The same applies in equal measure to both Bass and Barters Hill’s young trainer Ben Pauling, who became friends when serving their respective apprenticeships with the aforementioned Henderson.
“We often went racing together in the car,” said the jockey. “Coming from Nicky’s, he knows how to give horses time and be patient. It definitely helped a lot with Barters Hill.”
This approach is reaping rewards – Pauling’s rise to prominence since going it alone in 2013 is one reason why Bass is on the 38-winner mark for the current campaign and on course to beat his personal best tally of 46 successes in the 2014-15 season.
Born in Northamptonshire, he is still a slightly unlikely jockey – his parents are both classical musicians while his youngster sister plays the harp at the prestigious Royal College of Music. Yet Bass is grateful to his parents for taking him point-to-point racing and also inspiring his own passion for music which helps him to relax. This, and a growing awareness of current affairs, means it is easier for him now to accept the disappointment of defeat.
After stints at the British Racing School, and then the yards of Richard Philips and the late point-to-point trainer John Manners, Bass was persuaded by his friend Felix de Giles – now based in France – to join the Seven Barrows stable in Lambourn as Henderson began to acquire future champions like Sprinter Sacre, Bobs Worth and Binocular.
“To ride Sprinter Sacre – just once – was really special,” said Bass.
“I was still a conditional. For Nicky to put the faith in me, it was quite a big thing. I don’t know if I will ever again ride a horse as good as him over fences.”
Bass keeps trying to persuade Nico de Boinville, his house-mate, to forego the ride on Sprinter Sacre now that steeplechasing’s standard-bearer is on the comeback trail following two stirring successes and now bound for the Queen Mother Champion Chase which he won in 2013.
The rivalry between Bass and de Boinville, another Henderson protégé, is a friendly one which is helping spur both to success.
When the former recorded his first winner at the Cheltenham Festival last March when the Kim Bailey-trained Darna bounded clear in the Brown Advisory & Merriebelle Stable Plate, the latter trumped this success 24 hours later by winning a fairytale Gold Cup on the novice Coneygree.
“Typical Nico!” joked Bass. “I was getting a bit annoyed with the Cheltenham Festival.
“My strike rate at the course is terrible, but it’s the be-all and end-all. To get on the right horse, and for it to go right, it takes some doing.”
Like his Grade One success, Bass hopes this will be the first many of many Cheltenham Festival successes as he divdes his time between the Pauling, Henderson and Bailey stables.

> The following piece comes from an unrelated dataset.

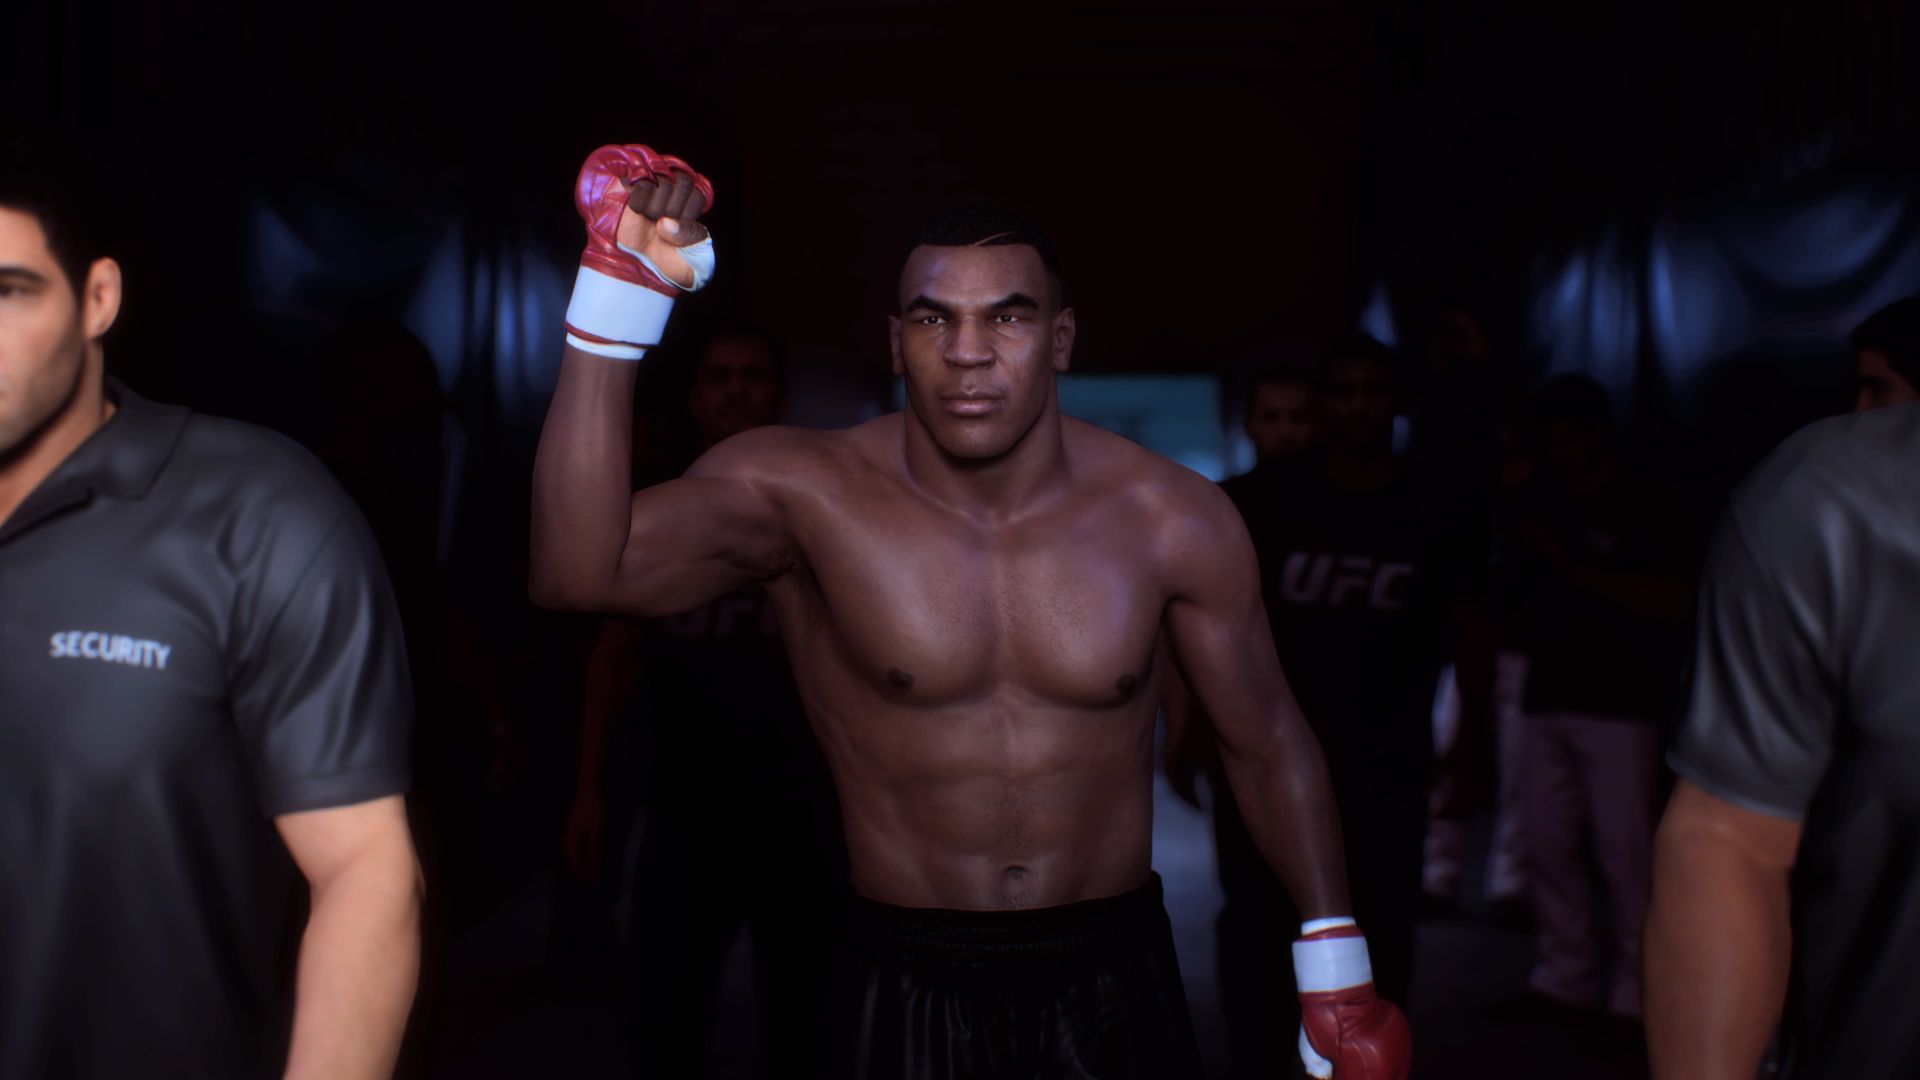 Screenshot from UFC 5 shows boxer Mike Tyson walkout out towards the octagon with one fist clenched held into the air while he's escorted to the ring by secruity.
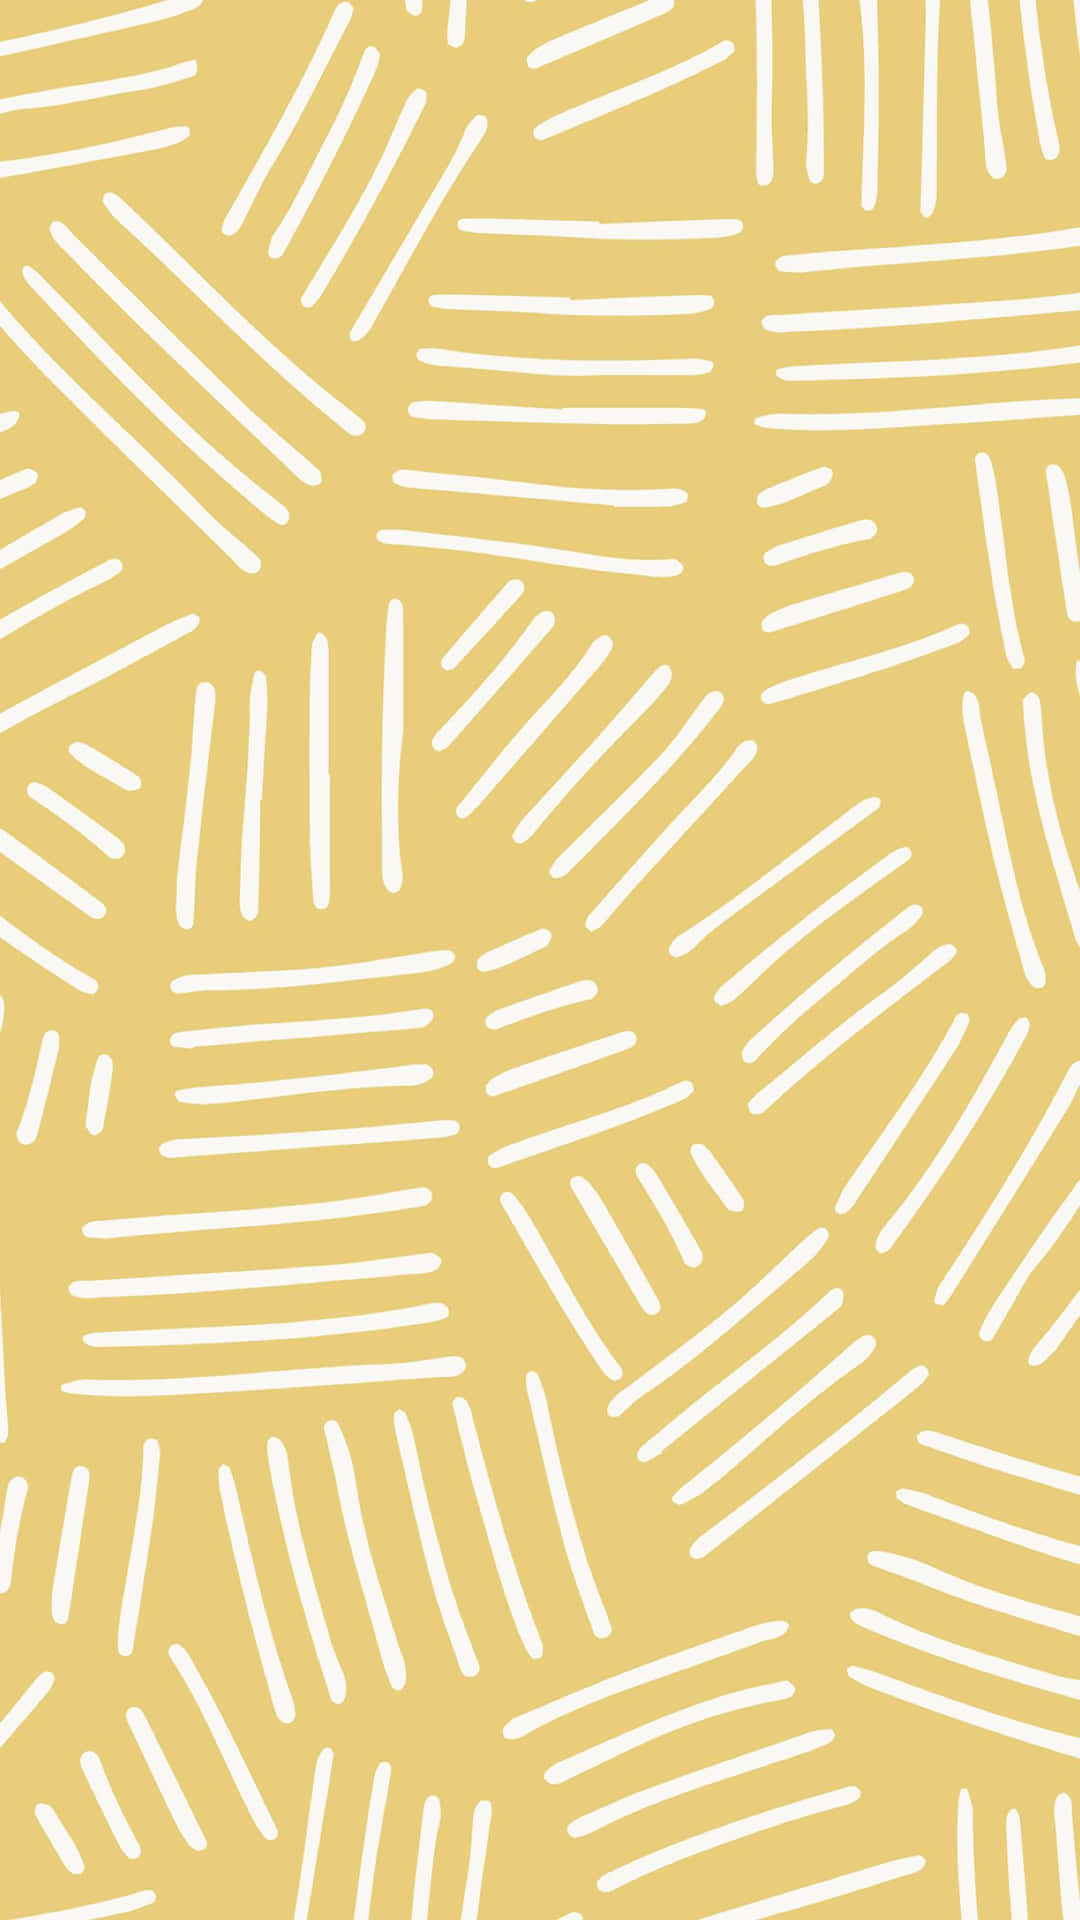 A Yellow And White Pattern With Lines

After Polly Peachum’s last-gasp success at Sandown for Henderson, he’s on the Bailey-trained Un Ace – racing record-breaker AP McCoy’s last Ascot winner – in today’s William Hill Lanzarote Hurdle at Kempton.
They have an each-way chance, though 11st 3lb on rain-softened ground might prove their undoing.
“Confidence is a massive thing,” adds Bass with infectious enthusiasm.
“I’m riding good horses for good trainers. The more success you have, the more you want it. I can’t complain.”